### [INPUT DATA]
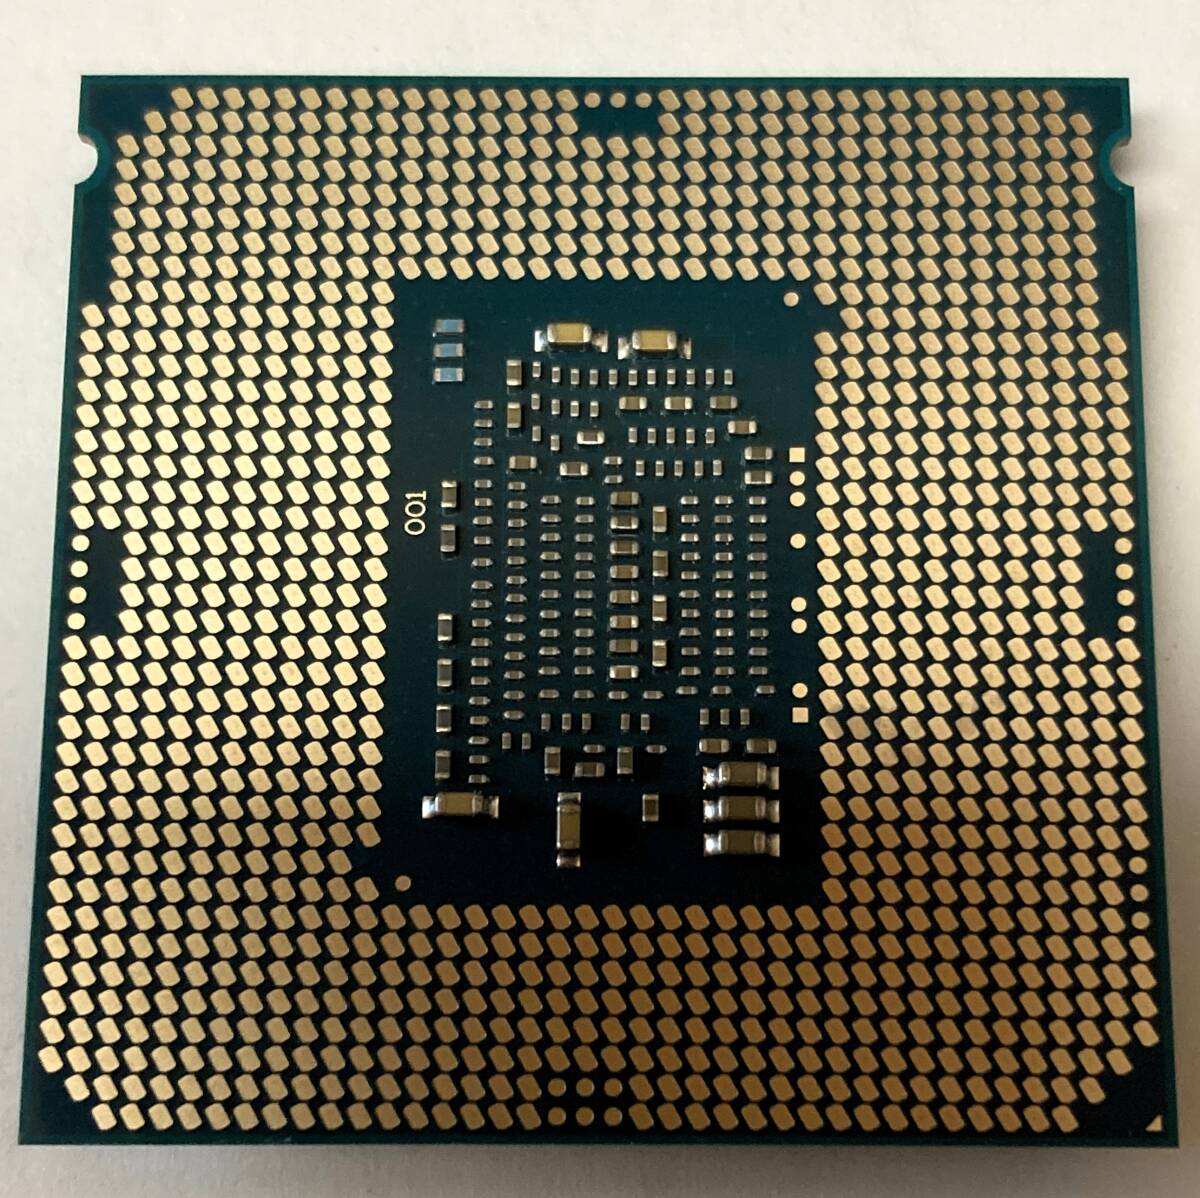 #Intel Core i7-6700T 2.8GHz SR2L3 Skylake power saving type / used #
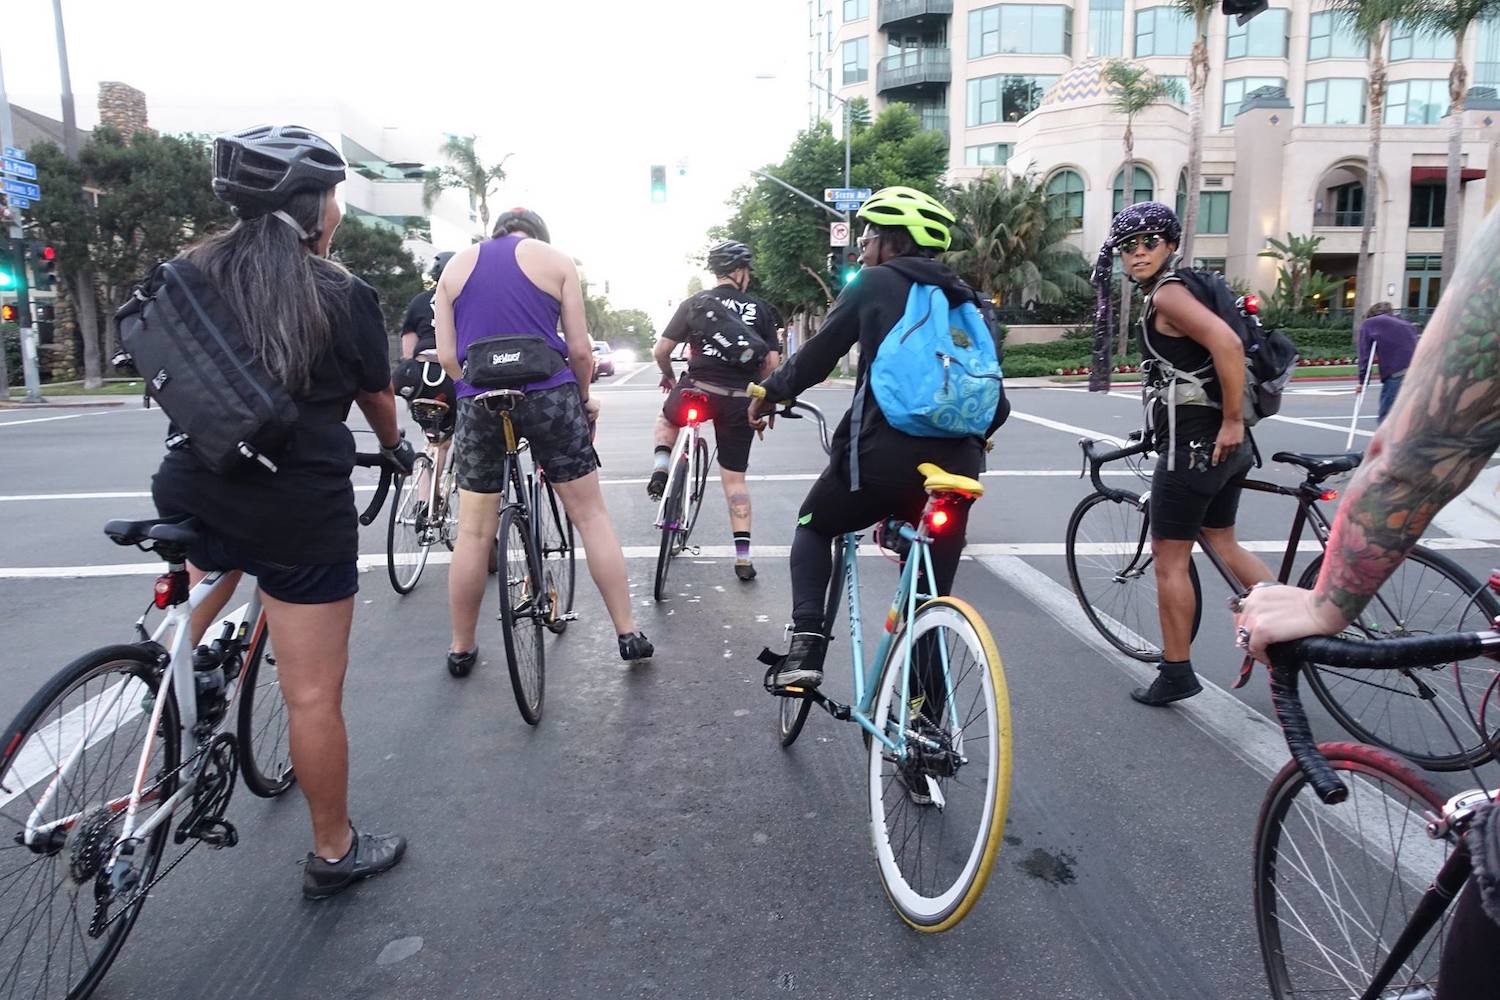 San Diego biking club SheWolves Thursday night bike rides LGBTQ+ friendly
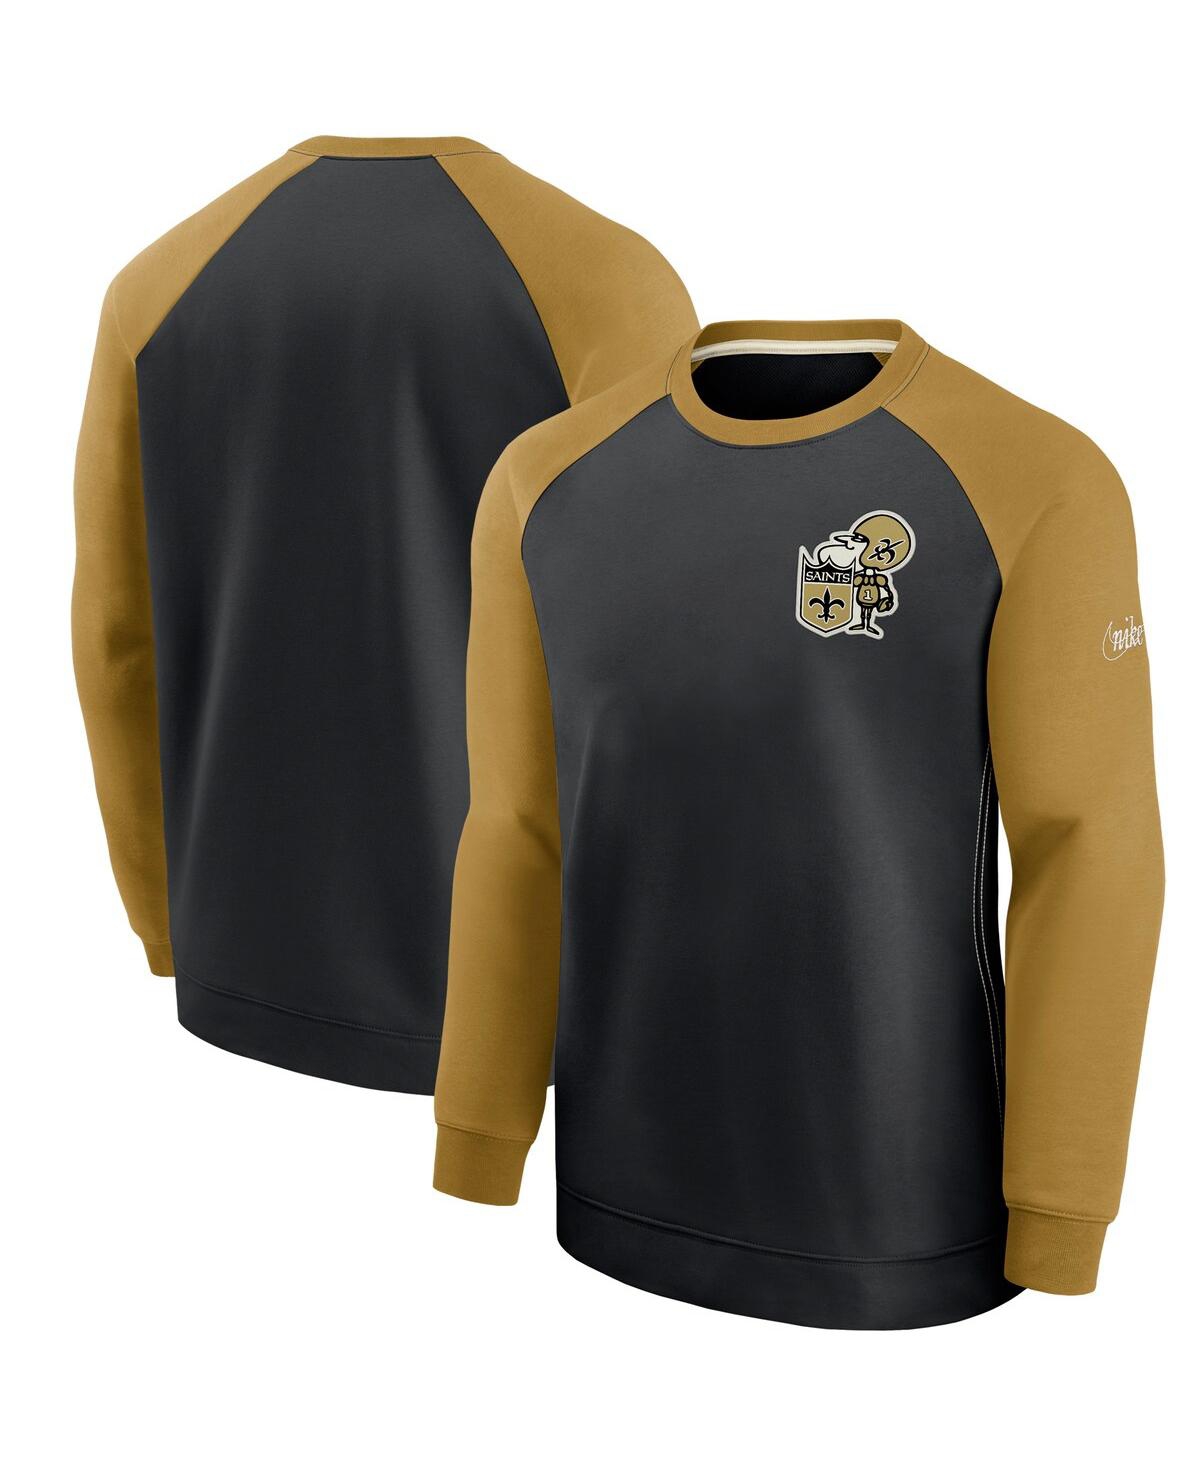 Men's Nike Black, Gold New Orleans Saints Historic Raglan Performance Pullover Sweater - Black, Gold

### [WORK ITEM]
Reproduce the data above word for word and omit the images.

### [RESPONSE AREA]
 #Intel Core i7-6700T 2.8GHz SR2L3 Skylake power saving type / used #
 San Diego biking club SheWolves Thursday night bike rides LGBTQ+ friendly
 Men's Nike Black, Gold New Orleans Saints Historic Raglan Performance Pullover Sweater - Black, Gold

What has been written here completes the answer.